Location
- Engine Lane Shafton South Yorkshire, S72 8RE England

Information
- Type: Academy
- Motto: "Students first"
- Established: 2011
- Local authority: Barnsley
- Trust: Outwood Grange
- Department for Education URN: 139211 Tables
- Ofsted: Reports
- Principal: Alison McQueen
- Gender: Mixed
- Age: 11 to 16
- Enrolment: 1,321 as of January 2020^{[update]}
- Capacity: 1,500
- Website: shafton.outwood.com

= Outwood Academy Shafton =

Academy in South Yorkshire, England

Outwood Academy Shafton (formerly Shafton Advanced Learning Centre) is a comprehensive secondary school with academy status, located in Shafton, near Barnsley, South Yorkshire, England. It is a mixed school for both girls and boys, ages 11–16, with over 1,000 pupils on roll.

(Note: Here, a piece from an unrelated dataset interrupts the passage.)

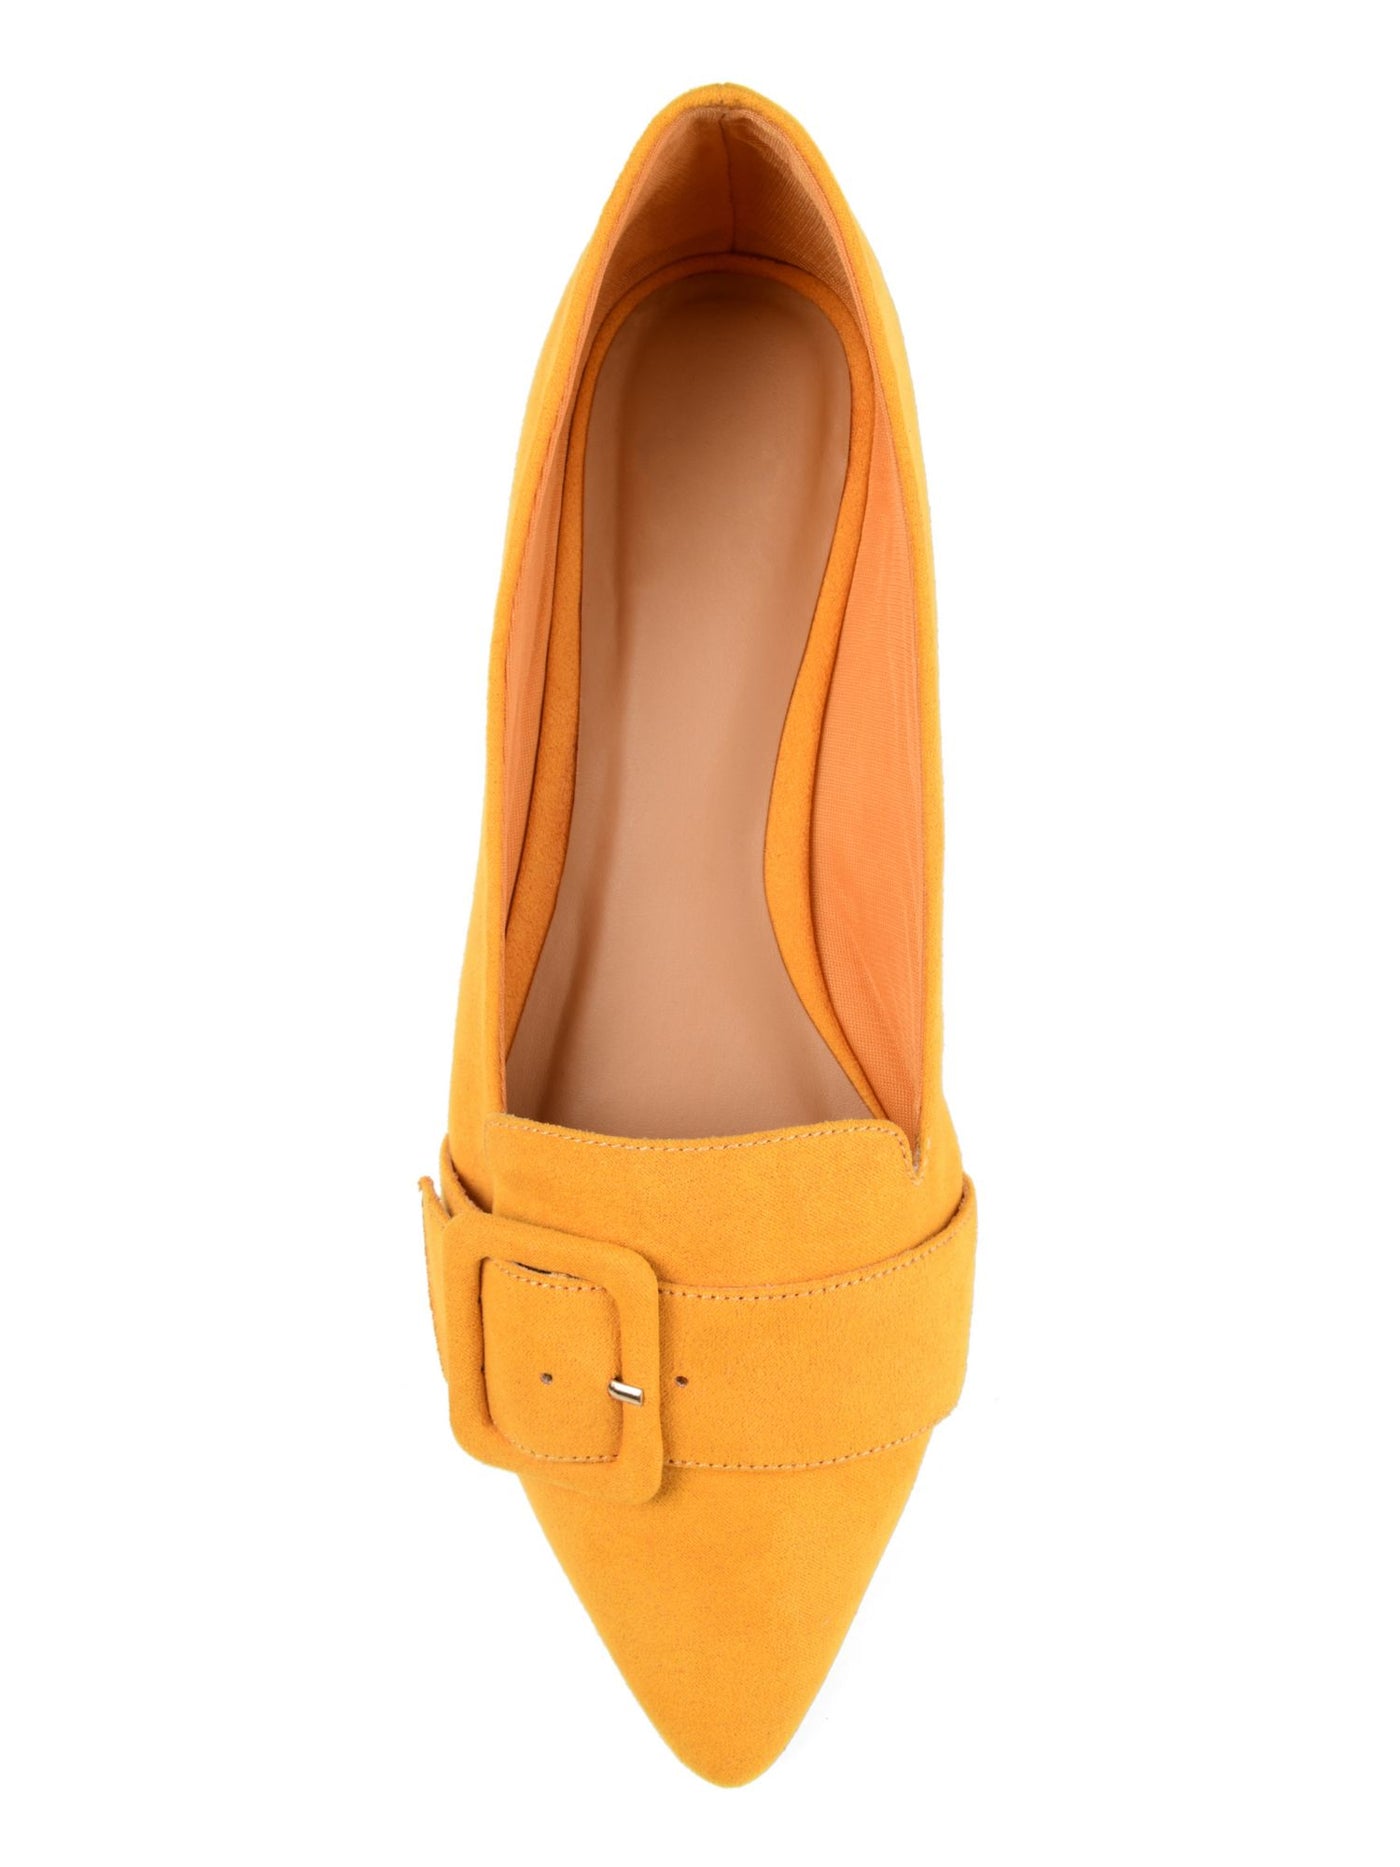 JOURNEE COLLECTION Womens Yellow Buckle Accent Cushioned Audrey Pointed Toe Slip On Loafers Shoes 7.5 M

The school is operated by Outwood Grange Academies Trust, and the current principal is Alison Bumford (Mcqueen).

==History==
Shafton Advanced Learning Centre was established in 2011 following the merger of Priory School and Sports College and Willowgarth High School. It was a community school administered by Barnsley Metropolitan Borough Council. Initially based over both former school sites, the school relocated to a new campus in 2012.

In March 2015, Shafton Advanced Learning Centre converted to academy status and was renamed Outwood Academy Shafton. The school is now sponsored by Outwood Grange Academies Trust, but continues to coordinate with Barnsley Metropolitan Borough Council for admissions.